On savait que dans le monde de l’entreprise, « remercier » signifie également « licencier ». Dans la novlangue des start-up, les euphémismes vont plus loin : on dit de l’employé remercié qu’il est « parti vers de nouvelles aventures ». On s’évertue à chasser le négatif des signifiants. L’échec en soi est valorisé dans le discours et la portée négative du mot, dédramatisée. Ainsi, valoriser son propre échec n’est plus qu’un nouveau moyen de se déresponsabiliser.

Mathilde Ramadier née en 1987 à Valence (Drôme) est auteure d’essais (chez Actes Sud, Premier Parallèle), de bandes dessinées (chez Futuropolis, Dargaud, Le Seuil), et traductrice de l’allemand et de l’anglais (au Seuil et aux éditions Ici Même). Elle s’est installée à Berlin en 2011 et a eu l’occasion de travailler en parallèle dans diverses start-up pendant quatre années, expériences qu’elle raconte dans son ouvrage « Bienvenue dans le nouveau monde.
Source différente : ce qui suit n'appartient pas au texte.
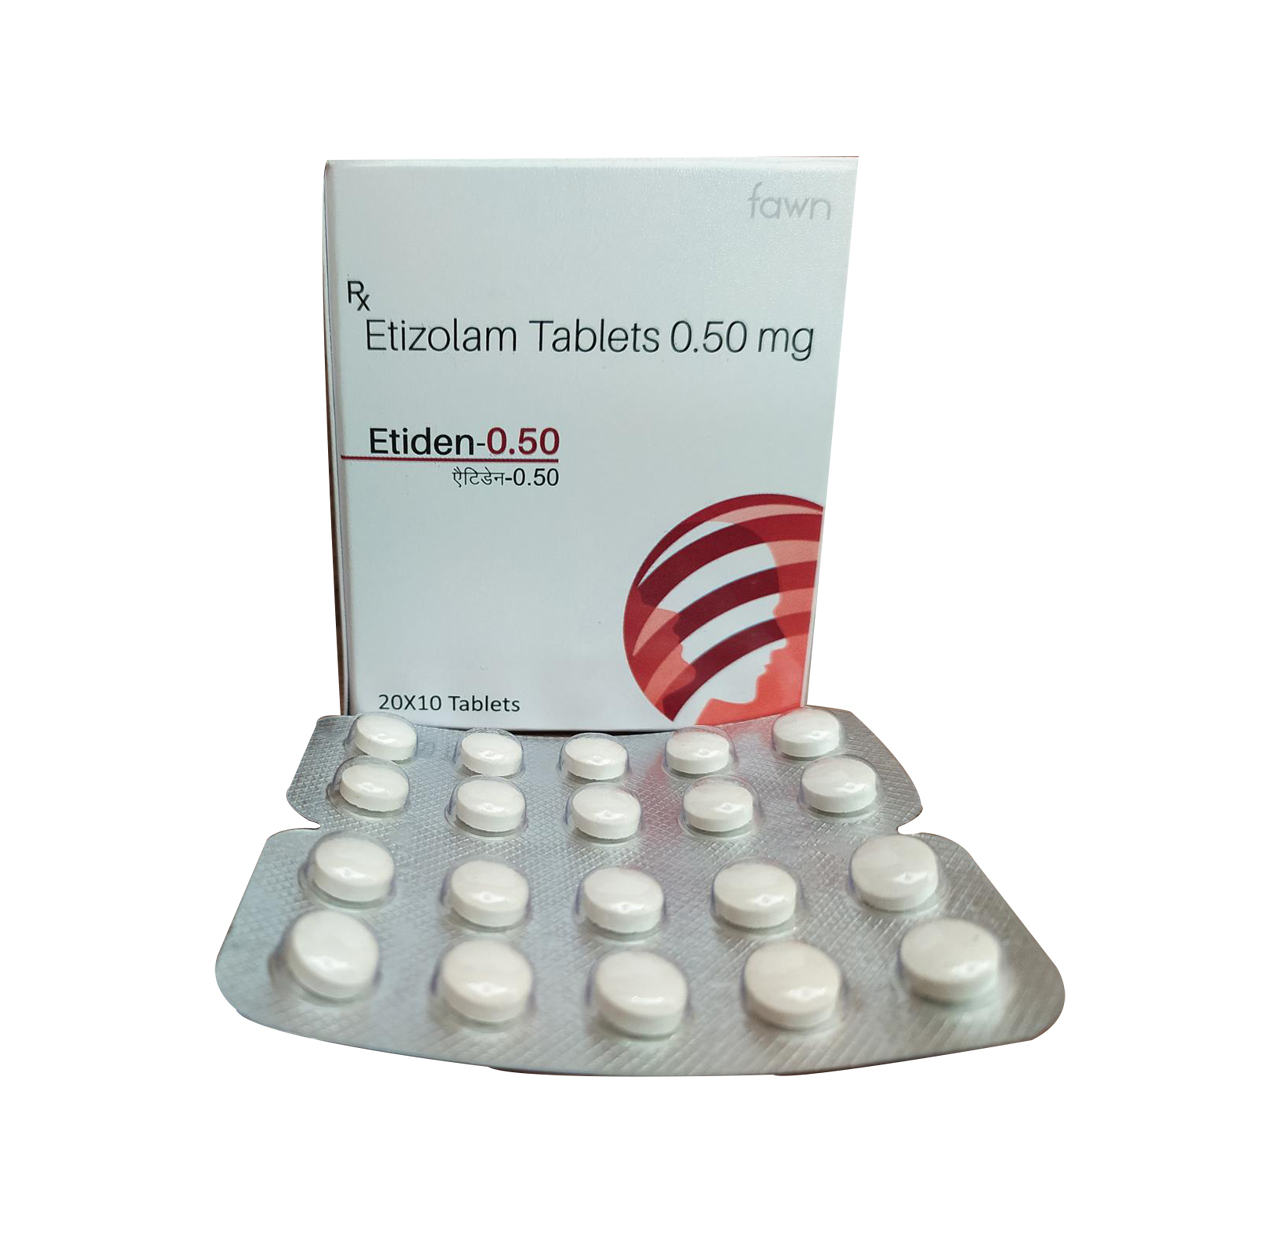 Product Name: ETIDEN 0.50, Compositions of ETIDEN 0.50 are Etizolam 0.5mg - Fawn Incorporation

Comment j’ai survécu à la coolitude des start-ups » (Premier Parallèle, 2017). Graphiste d’une première formation à Paris puis diplômée de l’ENS en philosophie contemporaine (2011), elle vit aujourd’hui entre Berlin et Arles (Bouches-du-Rhône). Elle s’intéresse aux questions liées au travail, mais aussi à l’écologie, à la psychanalyse et au féminisme.